◆ **Information provided**:
..........

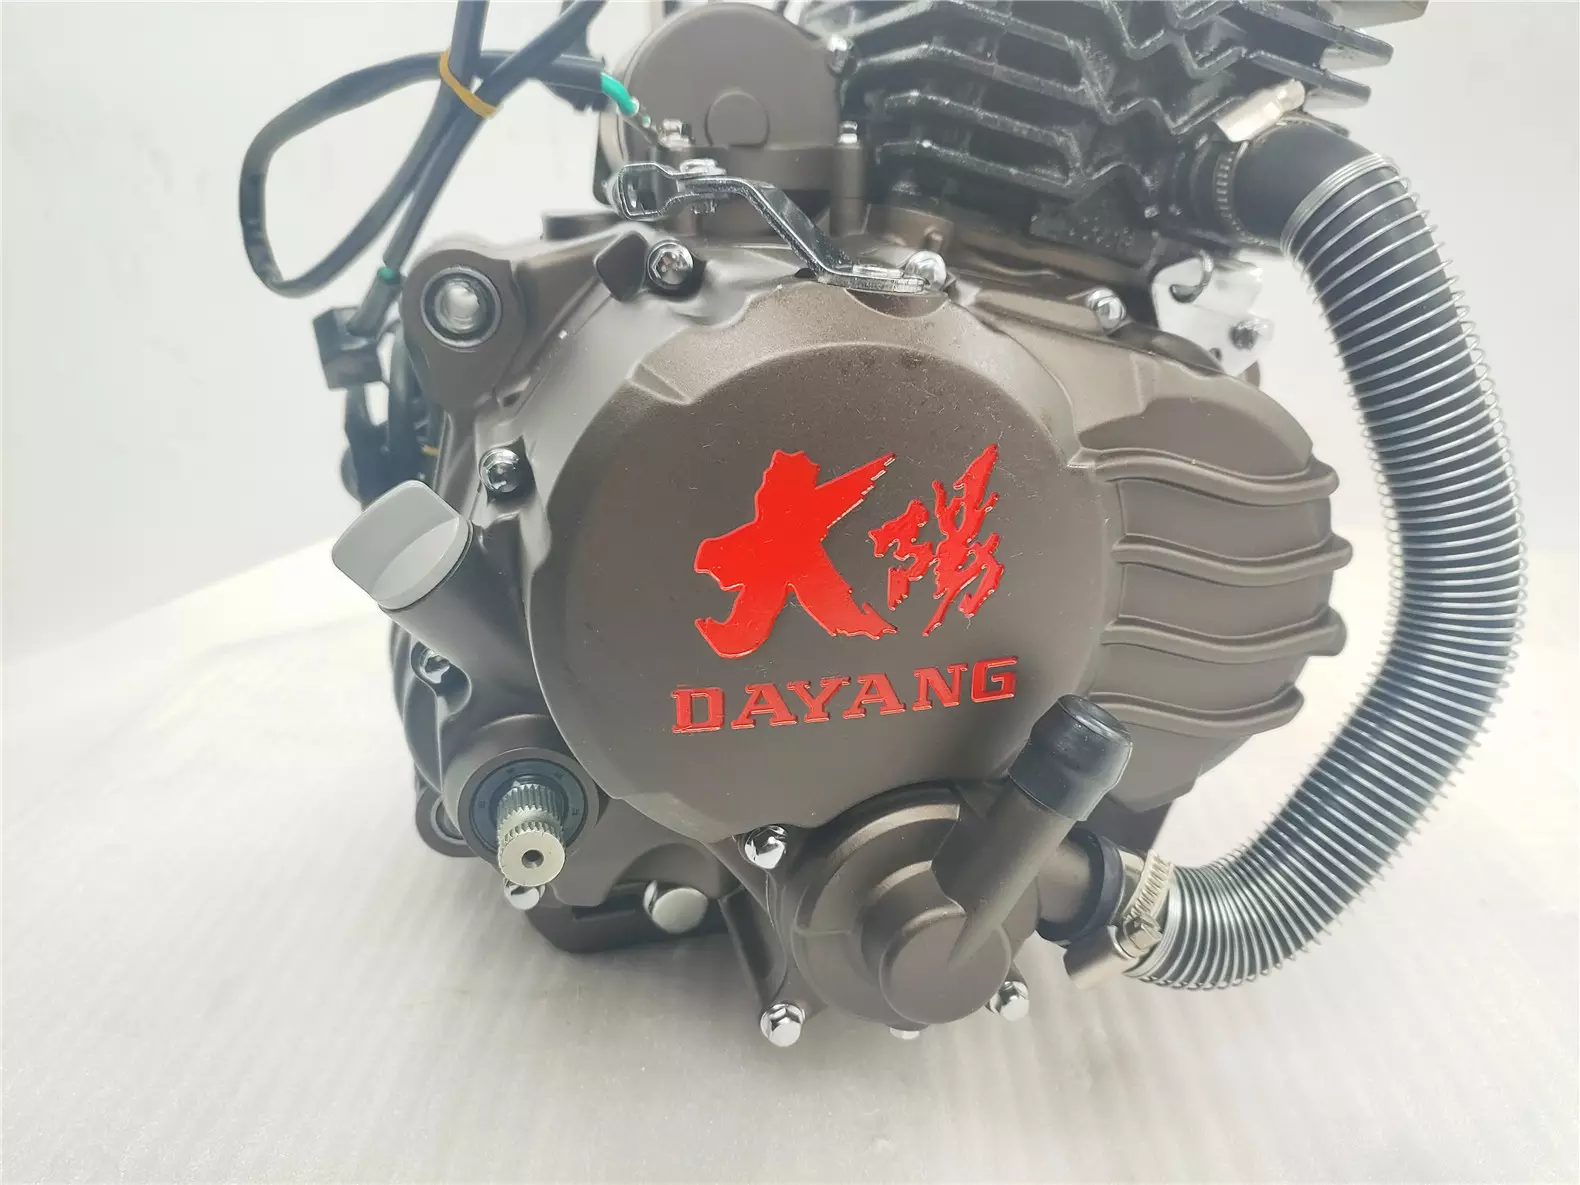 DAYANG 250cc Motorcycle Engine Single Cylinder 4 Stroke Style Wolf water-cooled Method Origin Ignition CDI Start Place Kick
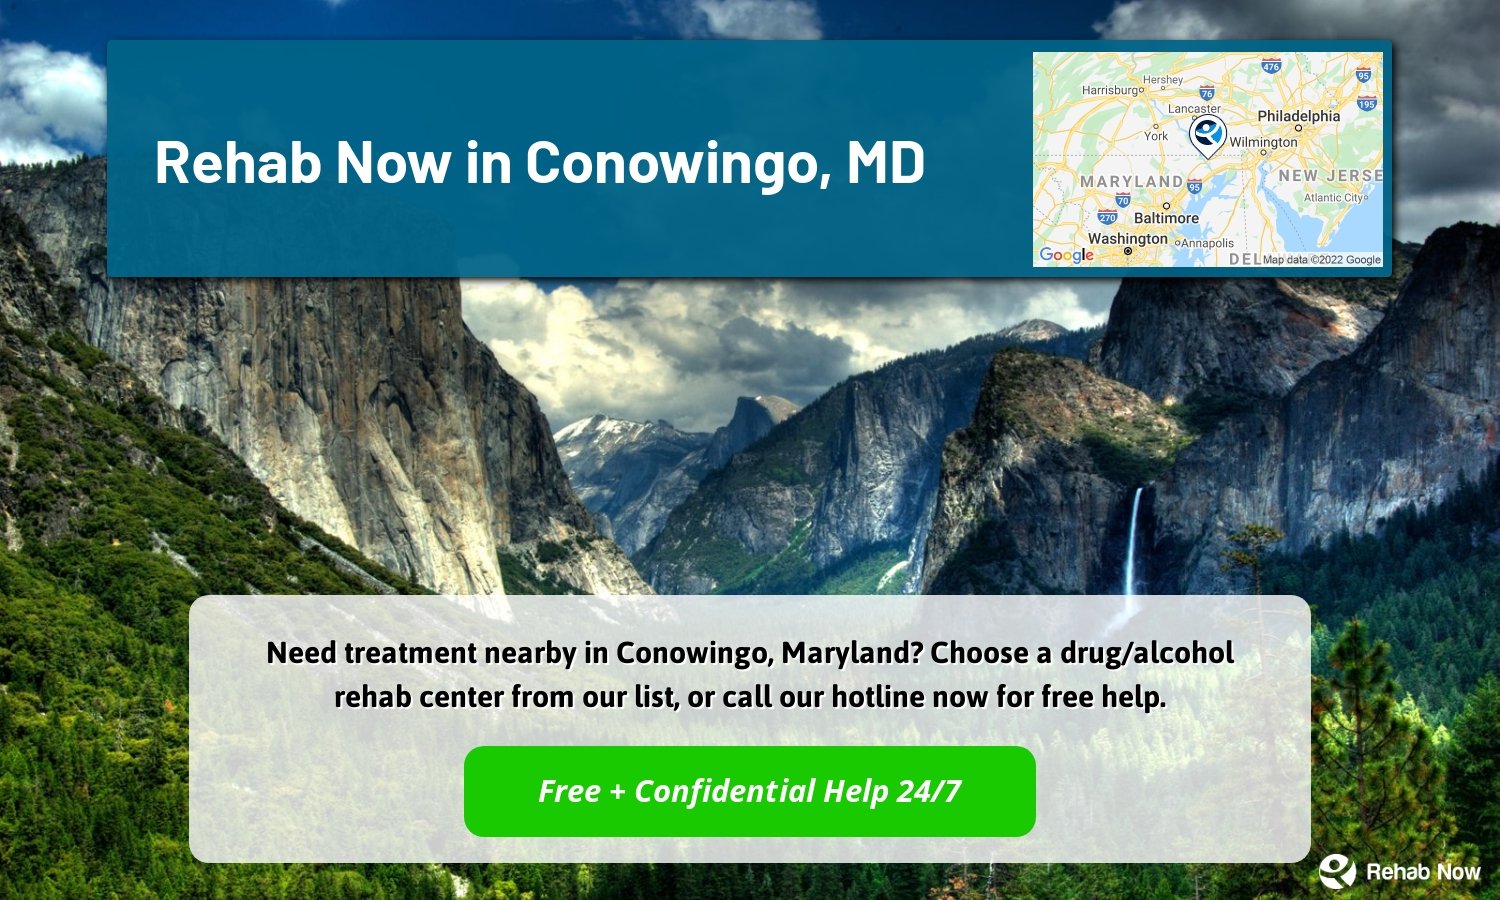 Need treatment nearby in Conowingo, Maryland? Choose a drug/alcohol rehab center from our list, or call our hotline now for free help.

..........

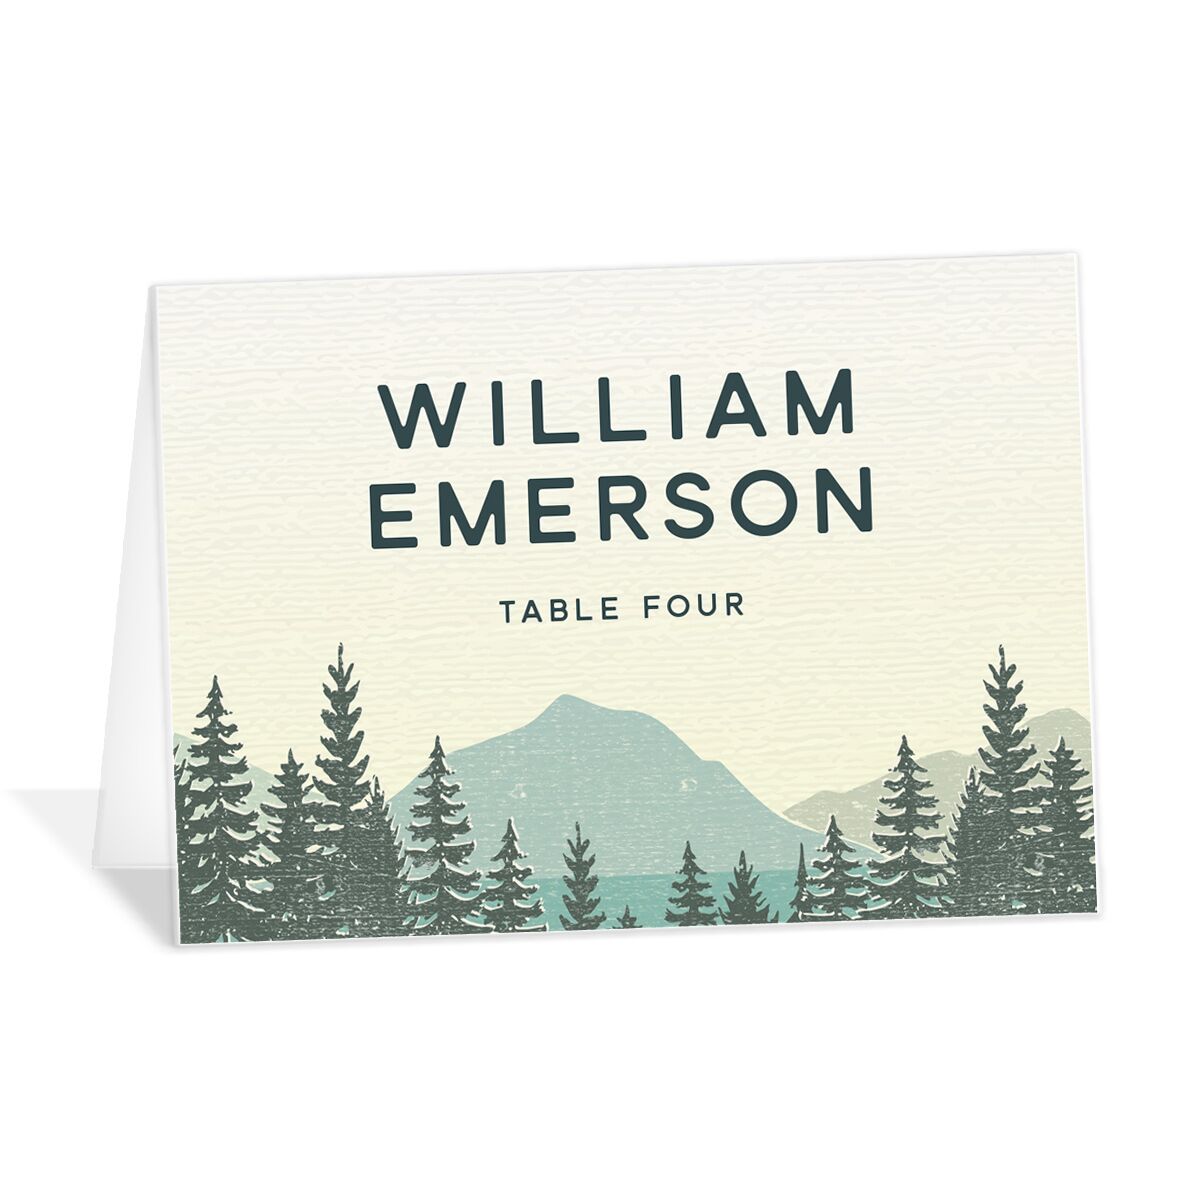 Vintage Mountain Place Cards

..........

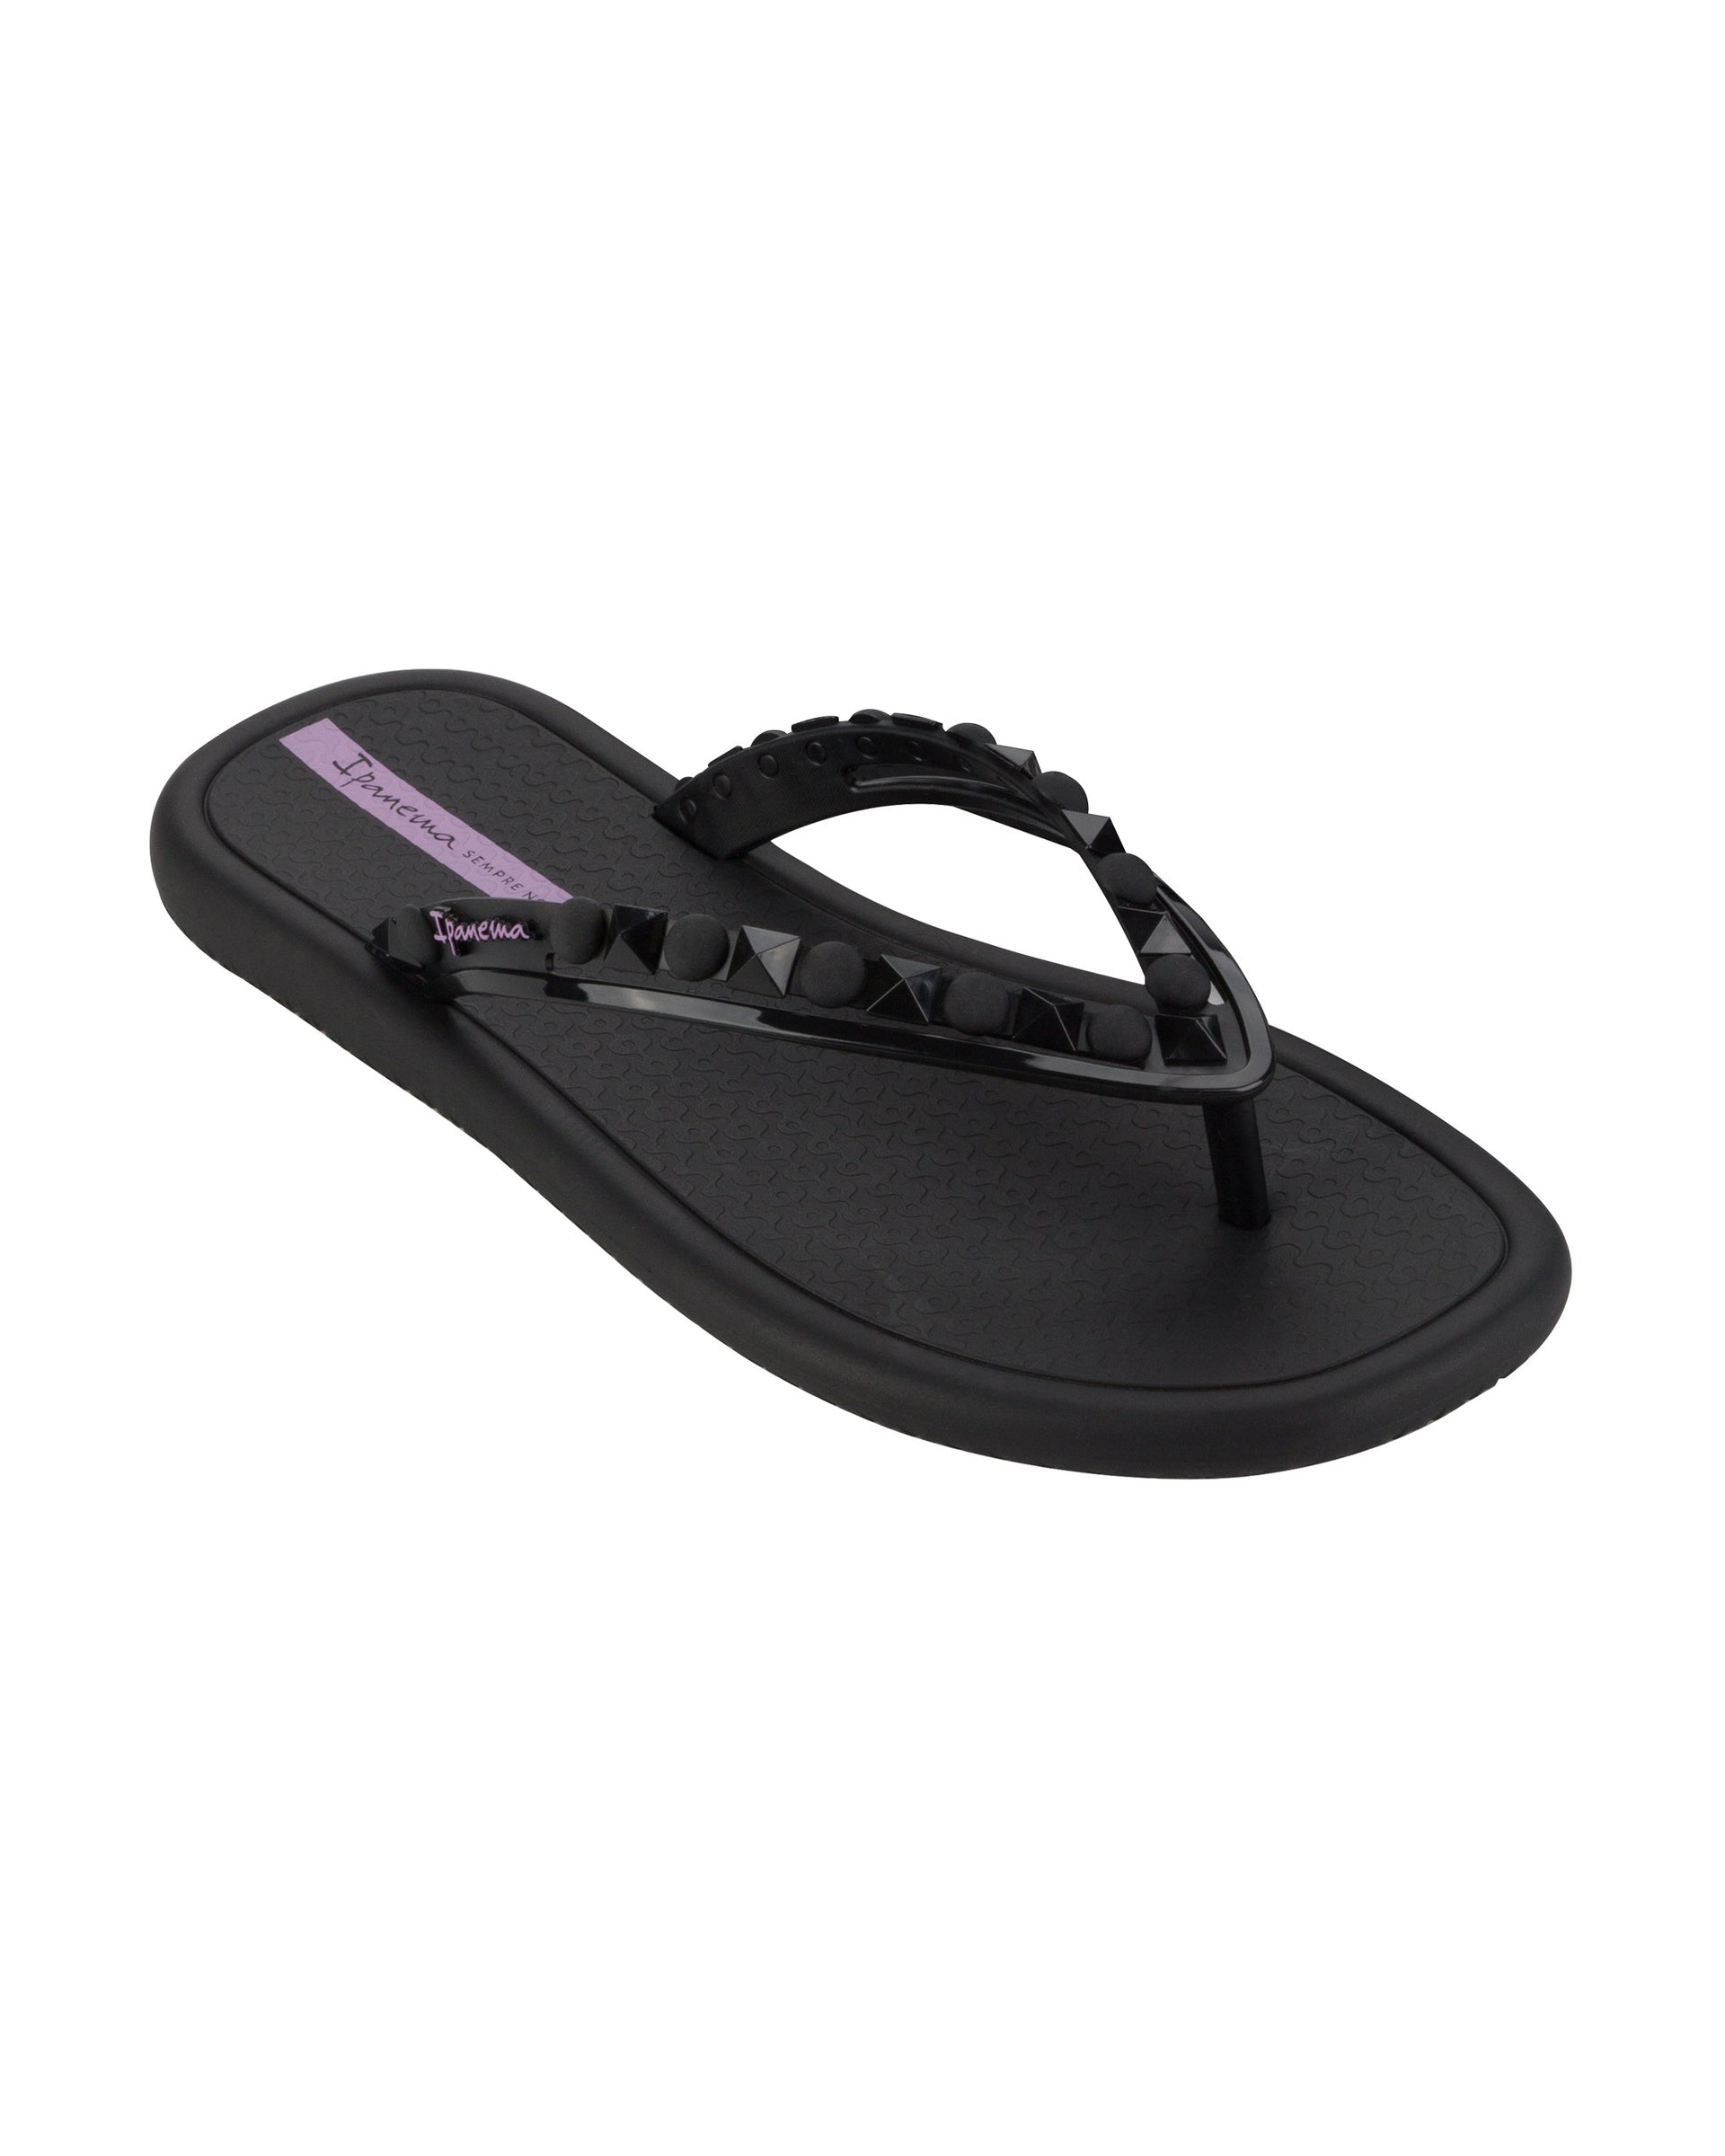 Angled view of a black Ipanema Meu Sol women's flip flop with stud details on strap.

..........

◆ **Requirement**: Using the data above, copy exactly the lines from the one containing "DAYANG 250cc Motorcycle" to the one containing "Need treatment nearby", inclusive. Exclude the pictures.

◆ **Written solution**:
 DAYANG 250cc Motorcycle Engine Single Cylinder 4 Stroke Style Wolf water-cooled Method Origin Ignition CDI Start Place Kick
 Need treatment nearby in Conowingo, Maryland? Choose a drug/alcohol rehab center from our list, or call our hotline now for free help.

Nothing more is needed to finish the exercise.